When the upload is complete, you will have your JMP file available in your Google Docs directory. If you navigate to the corresponding Google Docs mobile page on your iPad, you will be greeted with the file that you just uploaded on your desktop computer.

To open this in the JMP Graph Builder app, simply click on the file name. The file will be recognized as being able to be opened in JMP Graph Builder automatically.

And there we are! From desktop to iPad quickly and easily through Google Docs. Now the trick here is that you can take this one step further. Google Docs offers the ability to change the permissions of any file uploaded. Normally, only you can see the files you've uploaded to your Google Docs account, but if you edit the sharing settings of any file, you have the option to share the file with anyone (anyone who can find and access the file), anyone who has a link to the file, or only specific people explicitly granted permission. This flexible permission structure, combined with the library-like nature of Google Docs, makes this way of getting data into Graph Builder on the iPad quite powerful.

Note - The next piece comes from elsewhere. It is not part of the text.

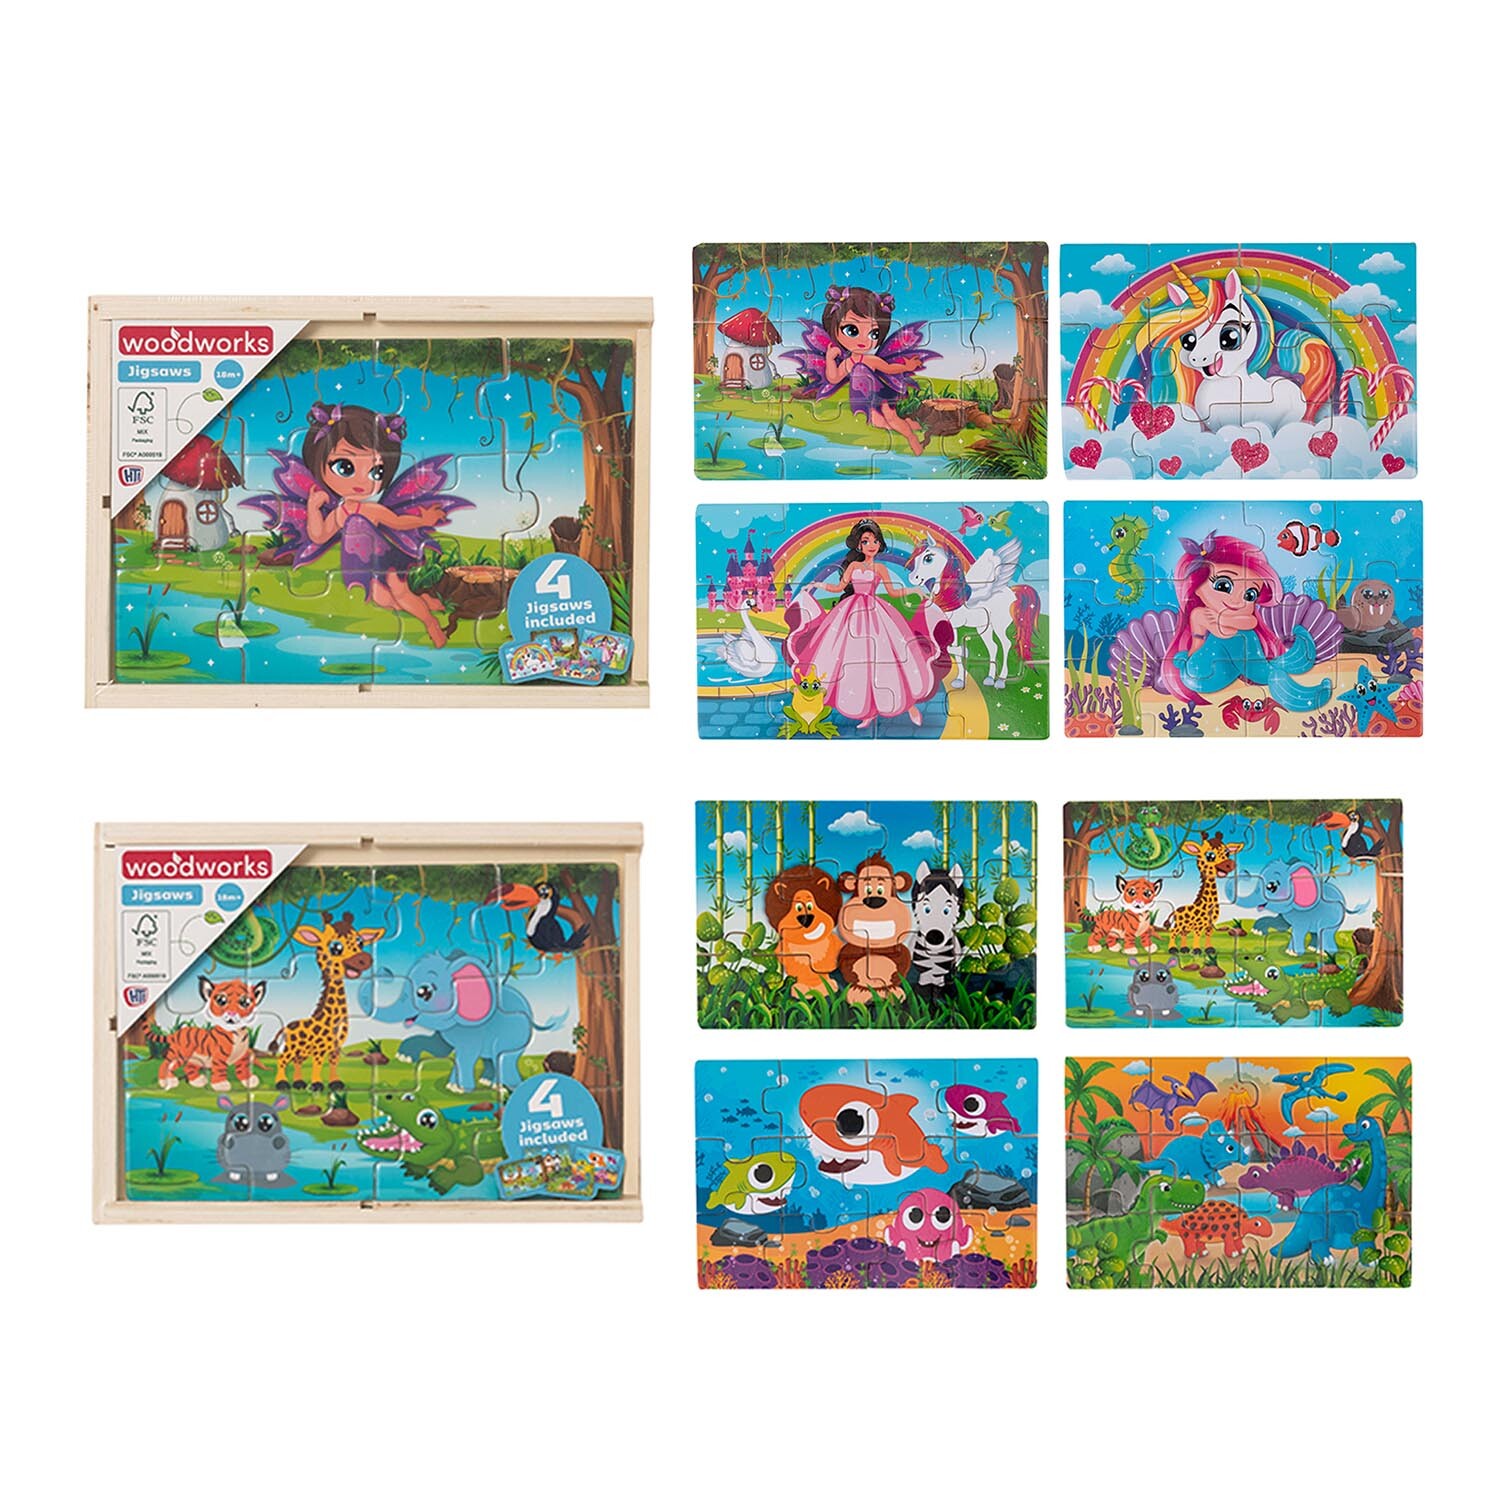 Woodworks 4 Wooden Puzzles in Box Image

Before you know it, you can have an entire library of JMP data sets available to access and share, and with 5 GB of available storage for free, you won't soon grow out of room as your online data library expands. With a little creativity, you can start brainstorming the powerful use cases for this workflow and sharing ability:

  • Generate a set of data visualization scripts in Graph Builder on desktop JMP, upload to Google Docs, and email each member of your team so they can explore the data visually on their iPads along with you at an upcoming meeting -- instead of staring at static screenshots or presentation slides.
  • Create an online library of JMP data tables from all of your active projects. Easily access those files anytime you need them, without having to drag your laptop around.
  • For educators: Upload a set of files once to your Google Docs account and then share links to all pertinent examples from the day's lecture with your students without the need to email attachments. Students can follow along visually as you explain concepts.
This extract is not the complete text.